ФБ: Что ж, проект, который я готовил всю жизнь, я называю «Акусматик» («Acousmath?que»). Это некий дом звука, наподобие «Акусмониума», своеобразный музей, очень многофункциональное место, не слишком большое – чтобы в смысле организации оно не превратилось в неуправляемое орудие власти, – но и не слишком маленькое, чтобы не смахивало на самодеятельность. Иными словами, функционирование такого места не мог бы обеспечить только один человек – это открытое пространство, вмещающее две-три сотни зрителей и столько динамиков на стенах, сколько в зале кресел, для максимальной гибкости звуковой проекции, – сейчас, конечно, при помощи компьютерных технологий такой системой очень просто управлять, и это не стоит больших денег.

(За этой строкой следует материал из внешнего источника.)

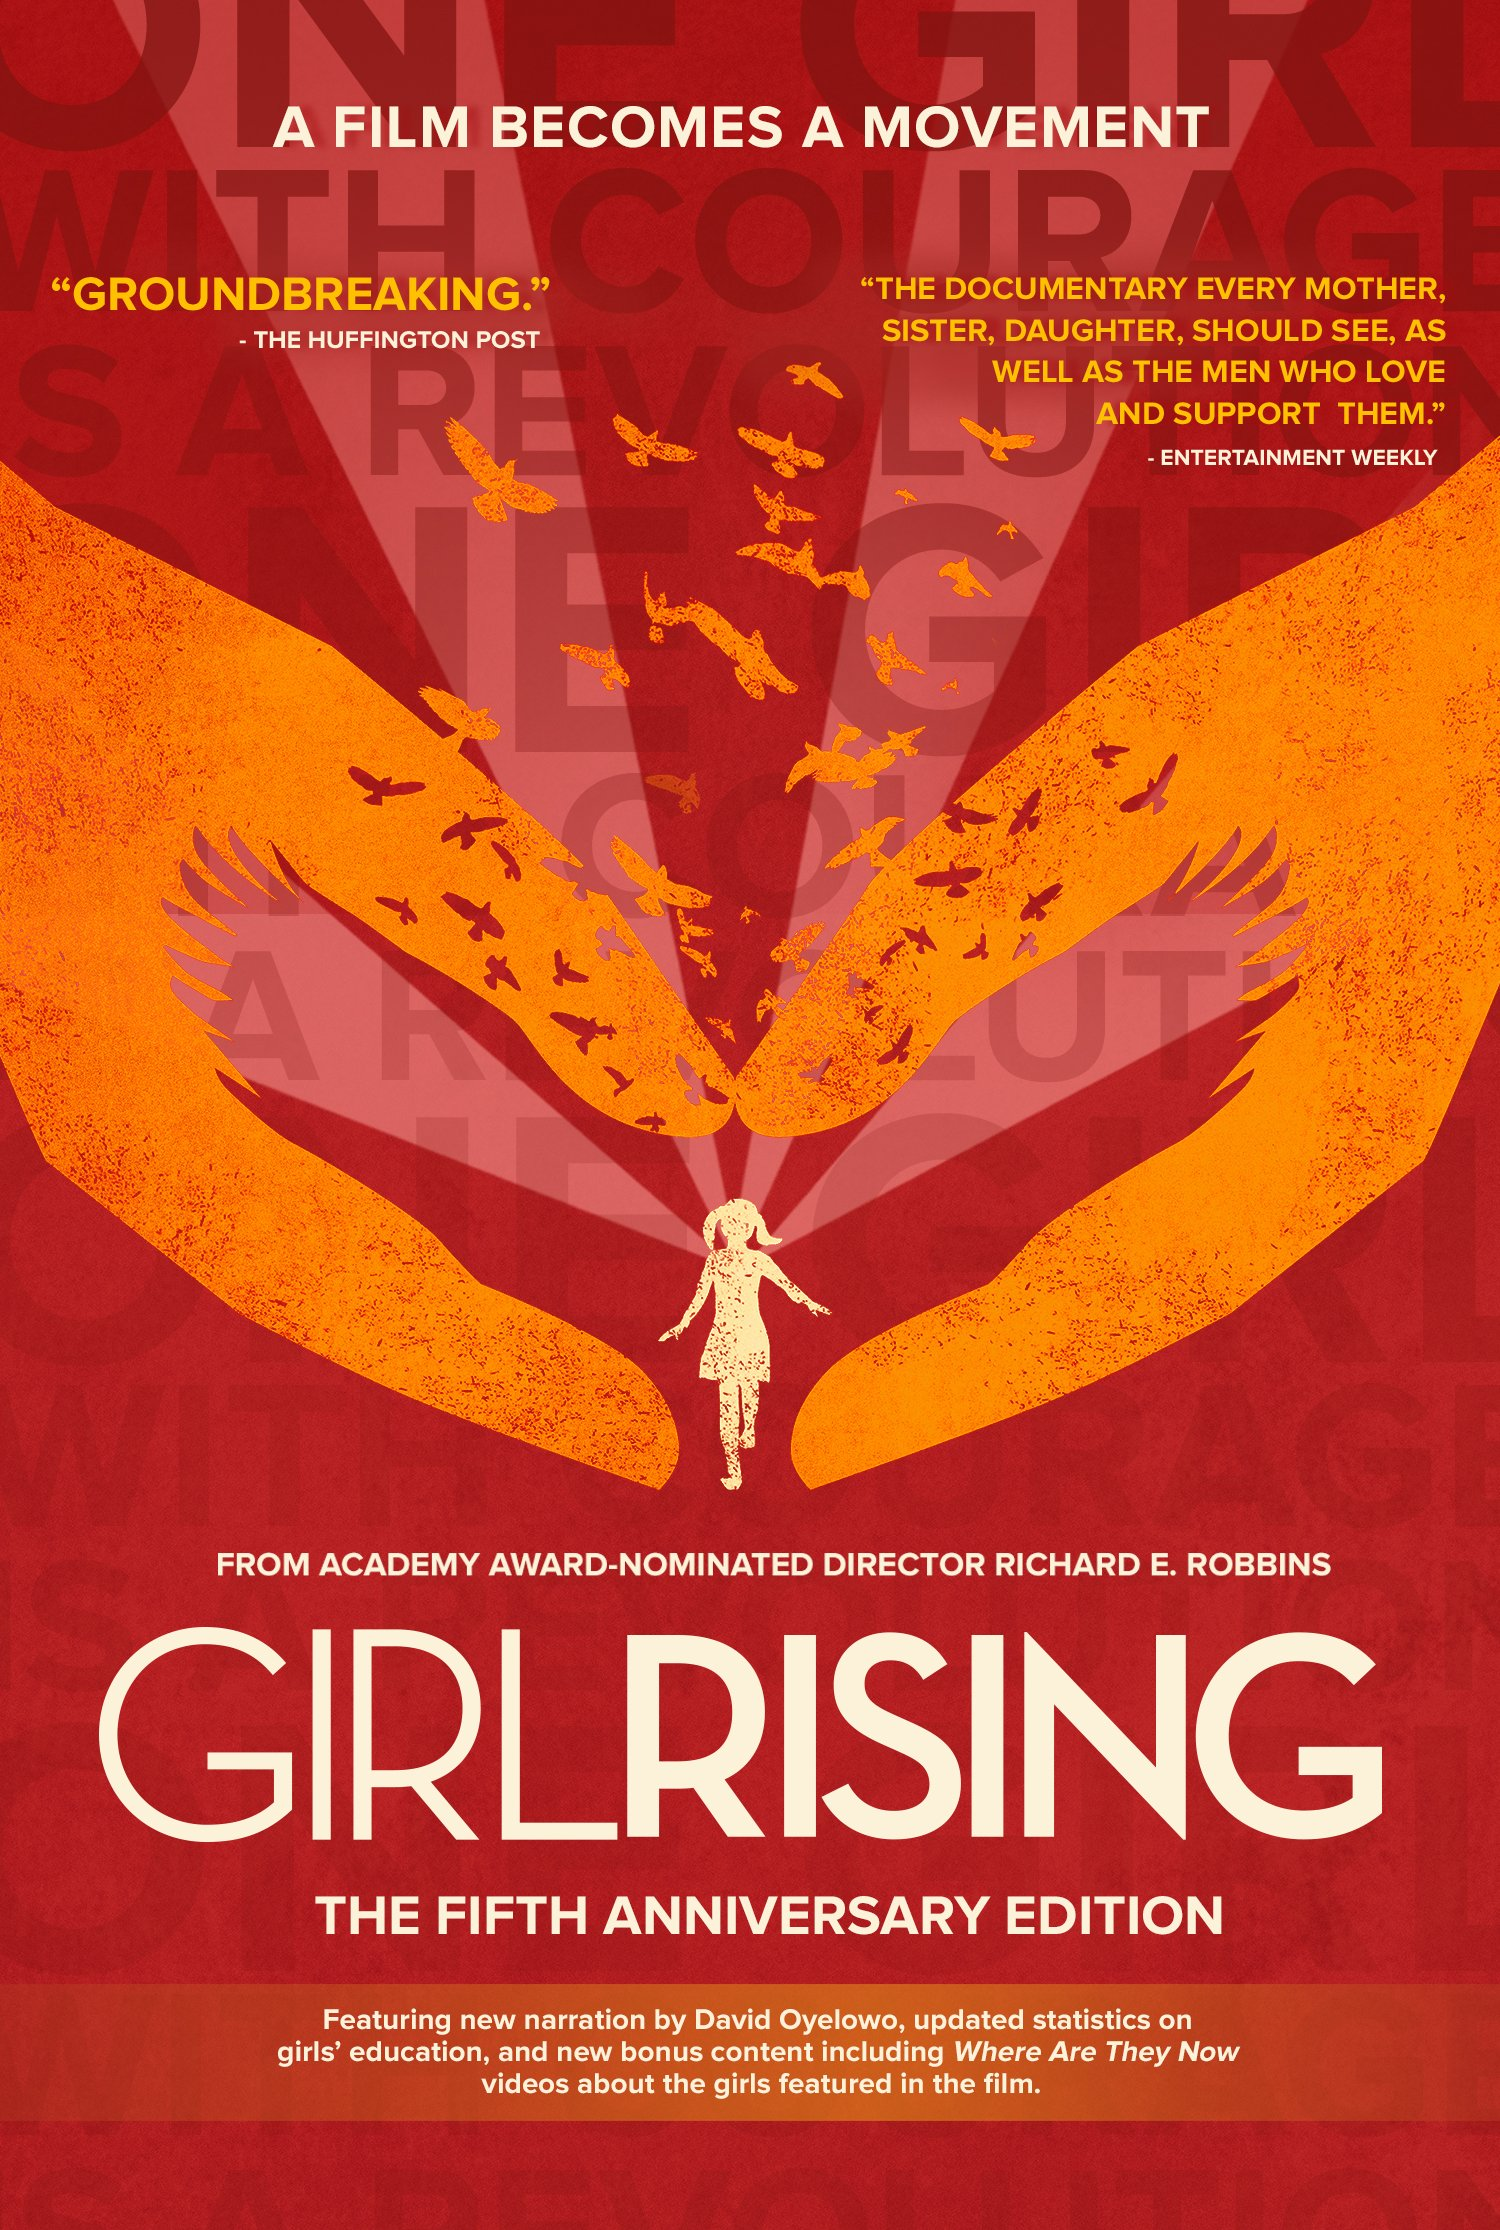 Girl Rising poster image

Главная идея в том, чтобы это заведение работало 24 часа в сутки, без перерывов, и все это время его посещали разные люди. В своем роде светская церковь, куда можно зайти, отдохнуть, послушать музыку и попытаться осознать нечто, что возвышается над житейскими проблемами. Толчком для идеи этого проекта послужило место, где мне однажды довелось оказался. В 1966 году я был в Праге, еще до известных событий, и посетил звукозаписывающую компанию под названием «Supraphon». Они оборудовали в студии отдельную комнату для прослушивания, в которой установили 20 или 30 кресел и две звуковые колонны, очень высокого качества по тем временам. У той компании была огромная музыкальная библиотека – они делали записи для всех радиостанций Восточной Европы, и им не нужно было приобретать на них права. Программу составлял толковый музыковед, и там всегда играла стоящая музыка – открой дверь, заходи, садись и слушай. Я заглядывал туда в разное время и встречал женщин, которые только шли с рынка с сумками овощей… По пути домой они заходили туда, садились и что-нибудь слушали. Иногда симфонию Брамса, иногда концерты для фортепиано Шопена или произведения Яначека. В то время не было такого количества станций, как сейчас, только государственное радио…

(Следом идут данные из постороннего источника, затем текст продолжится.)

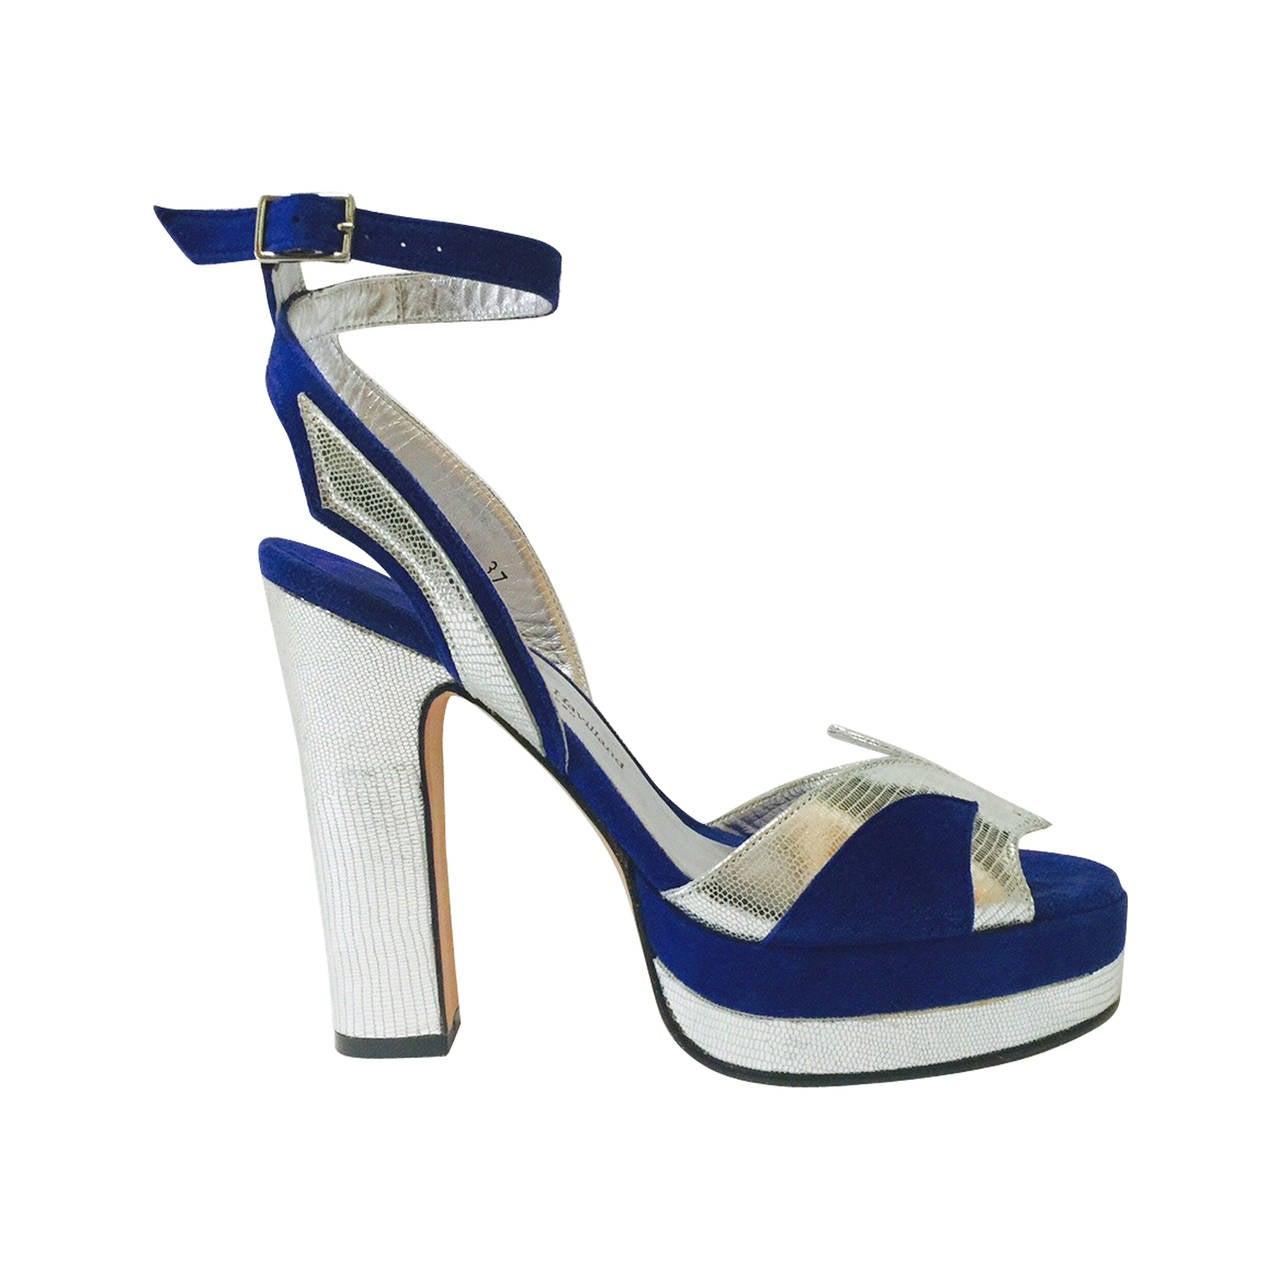 New Terry de Havilland Blue Suede Platform Stacked High Heel Sandals For Sale

ХУО: То есть это была не выставка, а событие, застывшее во времени…

ФБ: Именно так, открытый мир звуков и огромное пространство для воображения, которое возводят в нем композиторы…

ХУО: Это и есть модель вашего проекта, его прототип?

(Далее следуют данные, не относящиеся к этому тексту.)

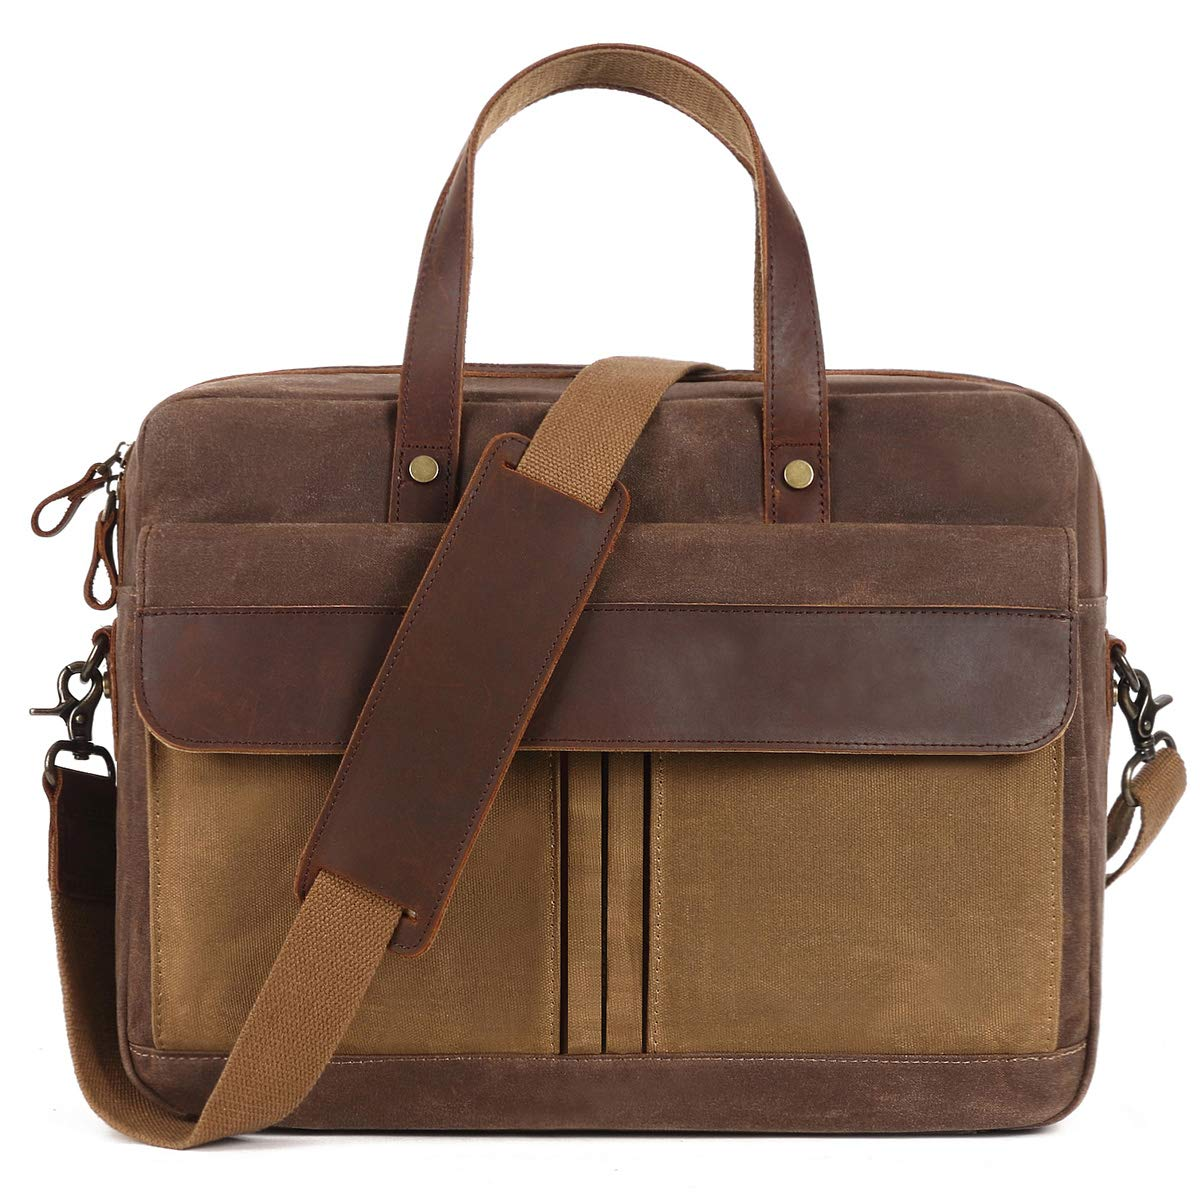 Briefcase for Men,Messenger Bag for Men,15.6inch Laptop Lugagge Carry On Tote,Canvass Computer Large Satchel Shoulder Bags,Vintage Leather Handbag Waterproof for Travel Brown

ФБ: Да. На мой взгляд, это было потрясающее место. Заходишь внутрь, ничего за это не платишь и оказываешься в утопии звуковой цивилизации… Ты заполняешь ее всеми ее благами, всеми ее ресурсами, заполняешь до отказа и получаешь огромные просторы для наслаждения. Однажды такой проект нужно воплотить в жизнь, только использовать более широкий набор средств и пространственное движение звука и проигрывать работы, специально написанные для этой цели, а не просто все подряд… Но, в конце концов, почему бы не послушать великие голоса, голоса давно умерших людей, которые произносили прекрасные вещи, поэтов, документальные материалы… Для меня это грандиозный проект, это социальная идея, музыкальная идея, визуальная идея, кинематографическая идея, идея путешествия… и духовная тоже, это словно церковь, куда я прихожу и приближаюсь ко всем тем людям, благодаря которым воображение через слух взмывает на величайшие высоты… Я верю в слуховую мысль, слуховая мысль для меня реальна, потому что я познал ее, как некоторые говорят, что верят в Бога, потому что встречали его… Я верю в слуховую мысль, потому что так устроен… Я мыслю через слух – про художников можно сказать так же, что они мыслят через зрение, – потому что так моя мысль обретает форму, и в этом заключается мое особое восприятие мира. Конечно, первыми со мной согласятся слепые – они очень богаты духовно и восприимчивы на слух к широкому спектру ощущений и богатству мыслей, фантазии. Но, говоря о музыке, о речи, о звуковой поэзии, о человеческих качествах звучания голоса, человечность заключается именно в голосе… Это магические моменты… Такая моя утопия.